In an embodiment of the invention the low pressure wing and/or the
high pressure wing are in form of rollers. The rollers have only a
contact line with the interior of the housing which keeps friction
low.
In an embodiment of the invention the rollers are rotatably
supported in the rotor. This keeps friction small as well.
In an embodiment of the invention a pressure control switching
valve is provided controlling a supply of fluid to one low pressure
chamber of the pair of low pressure chambers, wherein the rotor
comprises at least a connection channel which in a first rotary end
position of the rotor connects a control port of the switching
valve with a first pressure and in a second rotary end position of
the rotor connects the control port of the switching valve with a
second pressure, wherein the first pressure is higher than the
second pressure. By means of the connection channel the pressure
difference over the switching valve can be changed to provoke
switching of the switching valve.
In an embodiment of the invention in intermediate positions of the
rotor between the first rotary end position and the second rotary
end positions the connection channel connects to low pressure
chambers of different pairs of low pressure chambers. The pressure
in the respective low pressure chambers can be equalized.
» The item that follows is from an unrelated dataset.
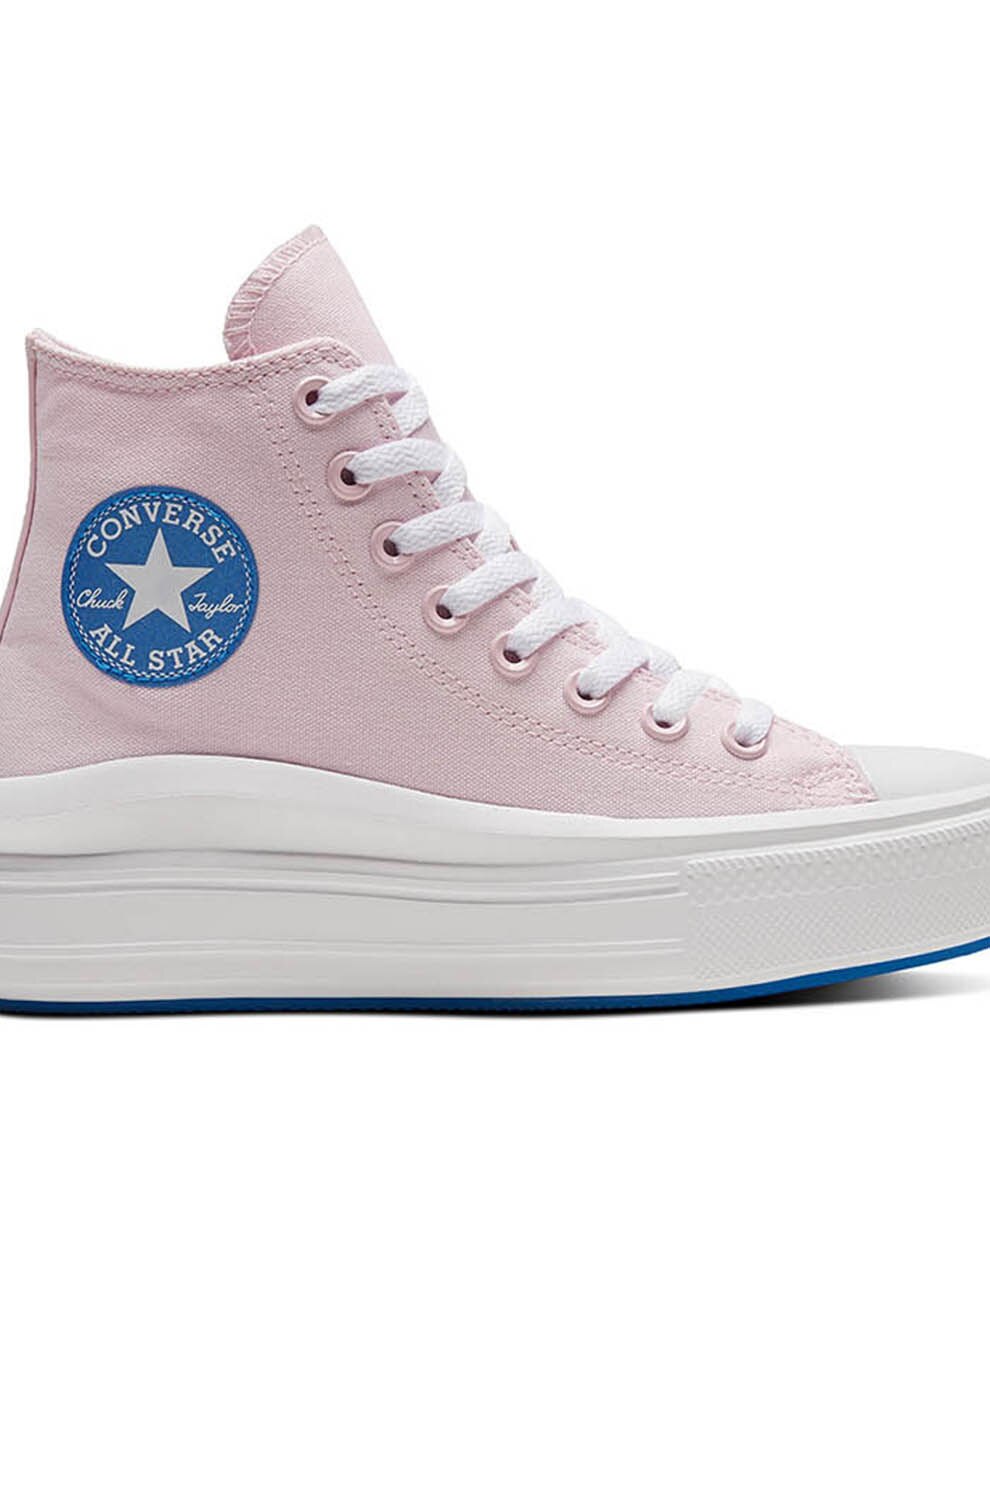 farmers Take out insurance Advertiser Converse, Tenisi flatform Chuck Taylor All Star Move - eMAG.ro

In an embodiment of the invention in the intermediate positions of
the rotor the rotor interrupts a connection between the first or
second pressure, respectively, and the control port of the
switching valve. As long as the rotor rotates, the switching
position of the switching valve is not changed.
In an embodiment of the invention the housing is part of a
piston-cylinder-unit.
BRIEF DESCRIPTION OF THE DRAWING
An embodiment of the invention will now be described in more detail
with reference to the drawing, wherein:
The only FIGURE schematically shows a pressure amplifier.
DETAILED DESCRIPTION
A pressure amplifier 1 which can also be named "pressure
intensifier" comprises a housing 2 and a rotor 3 rotatably
supported in a bore 4 of the housing 2.
The rotor 3 comprises a first low pressure wing in form of a low
pressure roller 5 and a second low pressure wing in form of a low
pressure roller 6. The rollers 5, 6 are arranged symmetrically to
each other. Furthermore, the rotor 3 comprises a first high
pressure wing in form of a high pressure roller 7 and a second high
pressure wing in form of a high pressure roller 8. The rollers 7, 8
are arranged symmetrically with respect to each other. The rollers
5-8 are supported rotatably within the rotor 3.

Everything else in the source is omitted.